No momento em que a rapariga atingira o clímax, a outra largara-lhe o pescoço. O súbito fluxo de oxigénio intensificara-lhe o orgasmo para o dobro, o que fez com que a morena em vez de gemer, gritasse, antes de se deixar cair, inspirando profundamente, “Tu…isto podia…ter corrido tão mal”
“Magoei-te muito?”, perguntou Susana, dando um beijo na bochecha de Daniela, “A Guida é que me deu a ideia, ela adora estas coisas esquisitas e garante que se for bem feito é óptimo”
“É óptimo, a sério”, esclareceu a rapariga, massajando o pescoço, com os olhos vidrados, “Só que assustaste-me mesmo”
“Tu sabes que eu não te ia fazer isto com intenção de te magoar”, disse a loura, sentindo-se incomodada.

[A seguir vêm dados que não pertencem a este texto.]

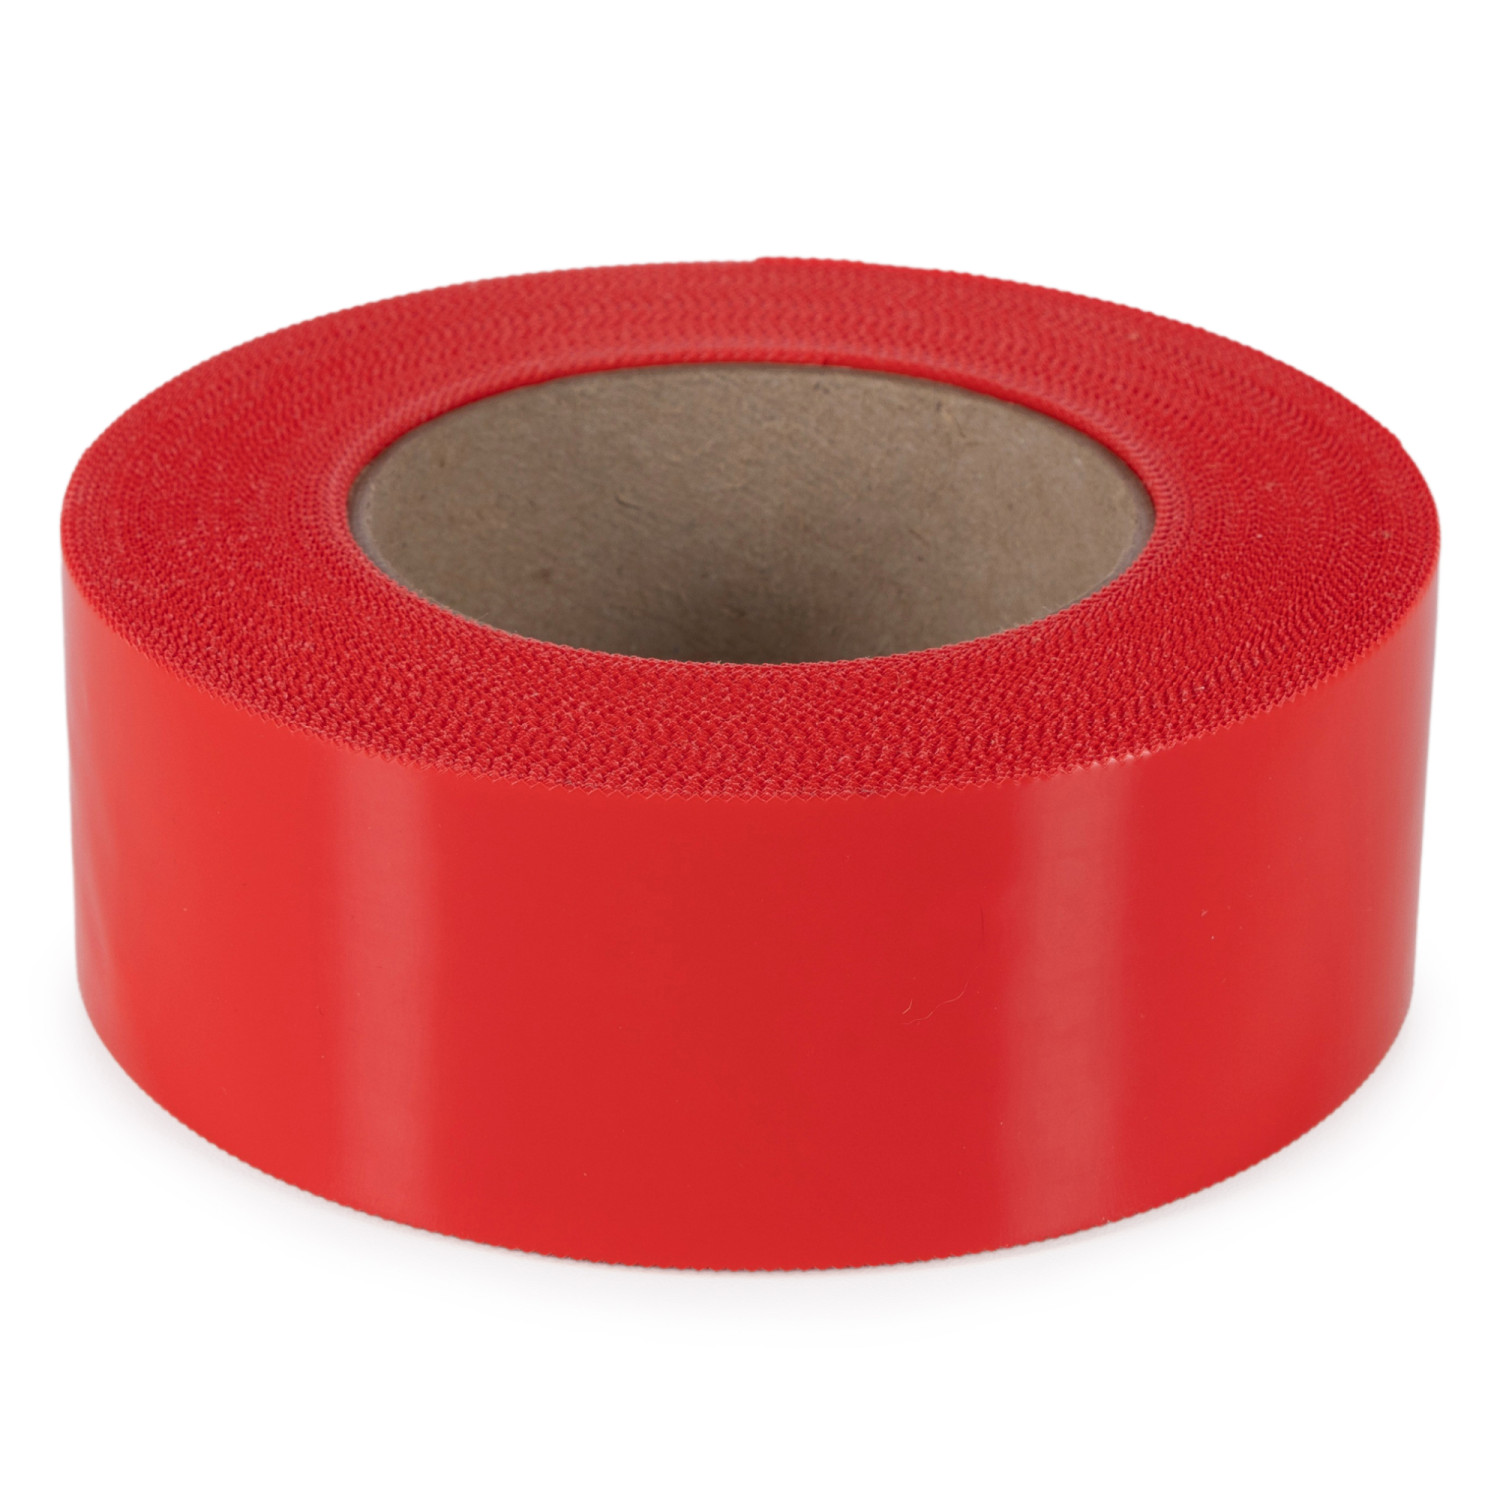 2 in. x 180 ft. 30 Day UV-Resistant Stucco Masking Tape - Case of

“Eu sei”, assegurou a morena, beijando a outra, antes de a abraçar, “Um dia repetimos e vês por ti própria”
Quando sentiu os restos mortais da mesa debaixo de si, afastou Susana, “A mesa…tu partiste mesmo a merda da mesa”
“Olha bem para a minha cara de preocupada”, replicou a loura, encolhendo os ombros, antes de se voltar para Daniela, sugestivamente, “E retribuíres?”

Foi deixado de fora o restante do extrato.